There has been no precedent in Kazakhstan applying these provisions in the context of a regulatory expropriation. Note however that under the Civil Code, the definition of “losses” subject to reimbursement includes lost profits.
Foreign Investment Law. Article 7(1) of the Foreign Investment Law provides that foreign investment shall not be subject to “expropriation, nationalization and other measures having the same consequences, except for the cases when such expropriation is done in the public interest, within the proper order and without discrimination” (emphasis added). In those cases falling within the public interest exception, compensation is required. Specifically, Article 7(2) stipulates “indemnification shall be equal to the fair market value of the expropriated investments at the moment when the investor becomes aware of the expropriation.”
Claims of expropriation under the Foreign Investment Law may be adjudicated in Kazakhstan courts or may be submitted, in accordance with Article 27.2 (2) of the Foreign Investment Law, to international arbitration with ICSID, the Alternative Facility of ICSID, arbitration bodies organized according to UNCITRAL, and the Arbitration Institute of the Stockholm Chamber of Commerce.
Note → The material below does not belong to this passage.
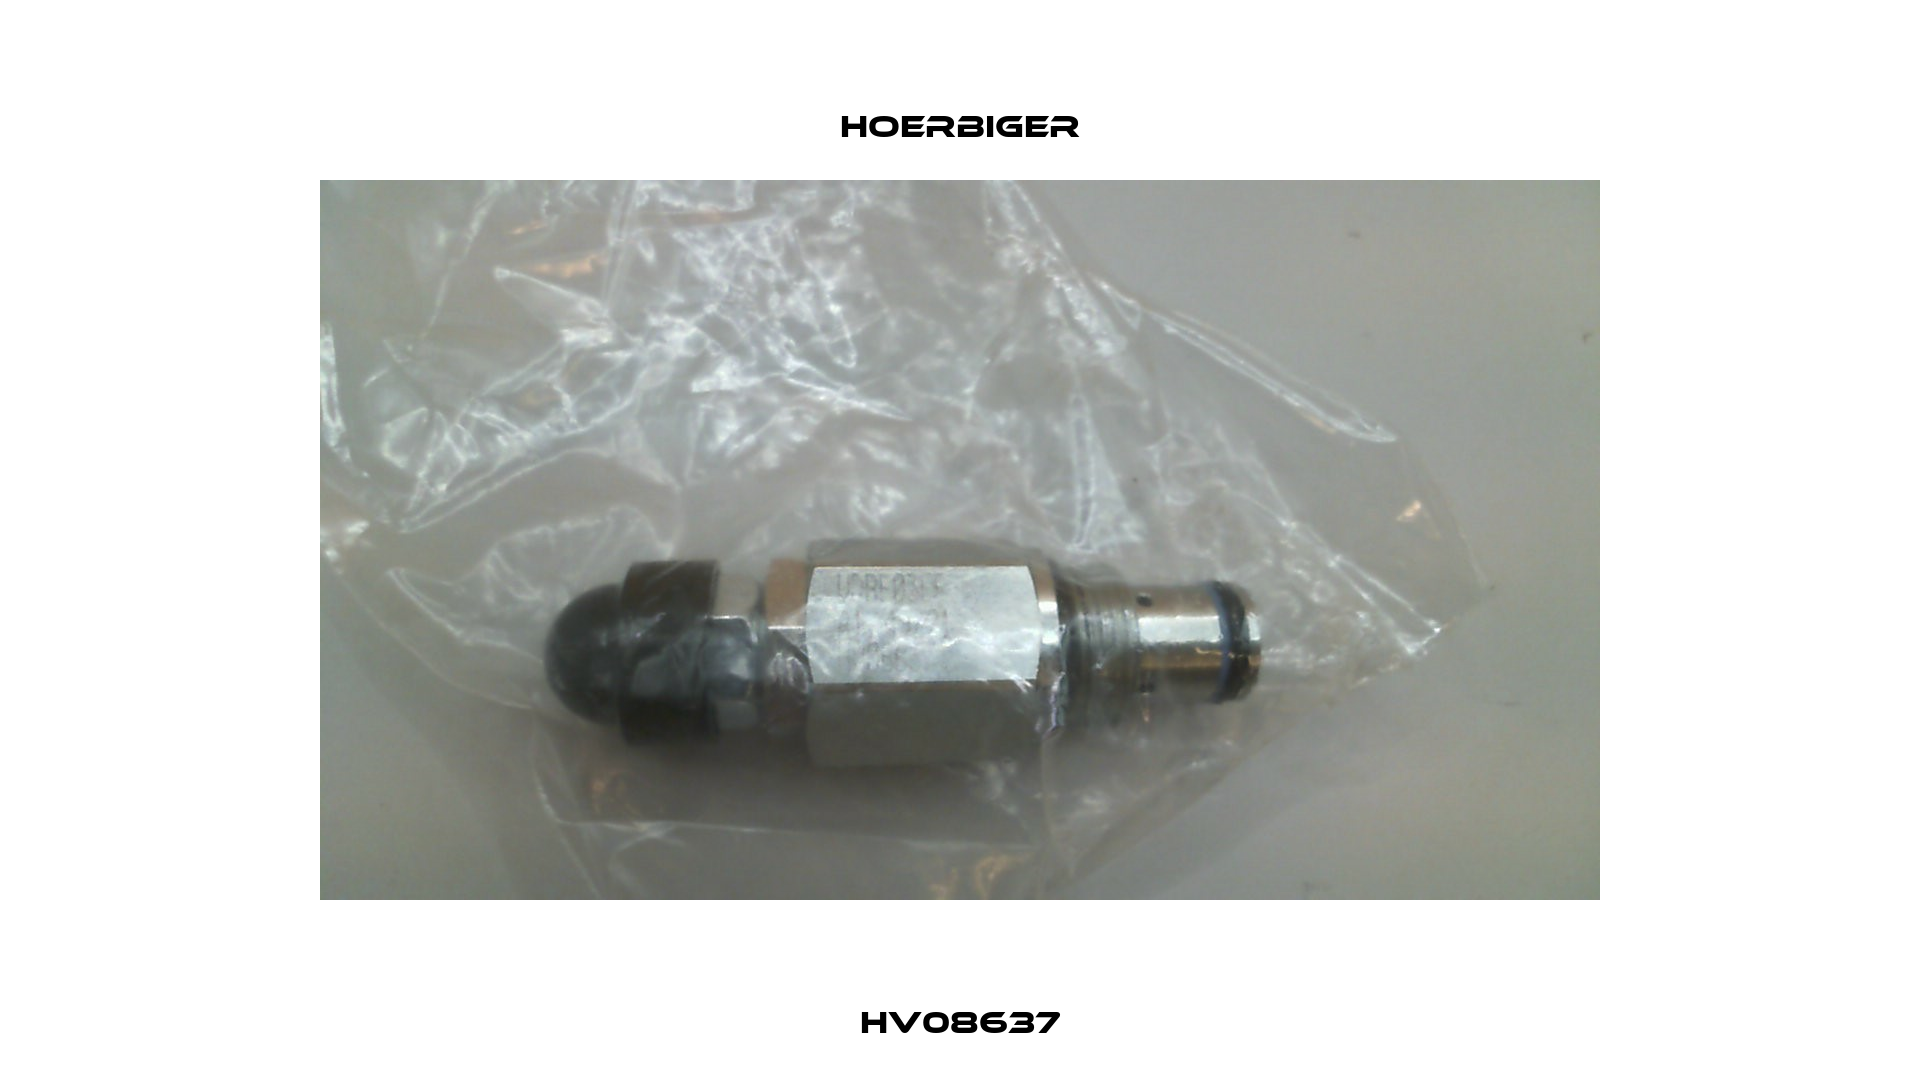 HV08637 Hoerbiger

The Proposed Legislation will potentially disrupt the operations of foreign investors involved into import, production, storage, transportation, sale and export of oil and oil products. Some of the provisions of the Proposed Legislation that might be interpreted as “mandatory norms” or the proper exercise of the “police powers” authority of the state to maintain order might be exempt from legal attack. Such exercise of “police powers” would have negative influence on Kazakhstan’s efforts to attract new foreign investors.
However, the provisions of the Proposed Legislation that are disruptive to foreign investors as an economic matter would be subject to statutory stabilization protection under Kazakhstan law including: Article 6 of the Foreign Investment Law, Articles 4 and 383 of the Civil Code, Article 71 of the Subsurface Law, Article 57 of the Petroleum Law, Article 37 of the Law On Normative Acts, and Articles 1(6), 13 of the Energy Charter Treaty. In this case, the Proposed Legislation might serve as a basis for foreign investors to claim regulatory expropriation under international and Kazakhstan law. The Proposed Legislation may also result in the increase of international arbitration cases by foreign investors and a chilling effect on Kazakhstan’s investment climate.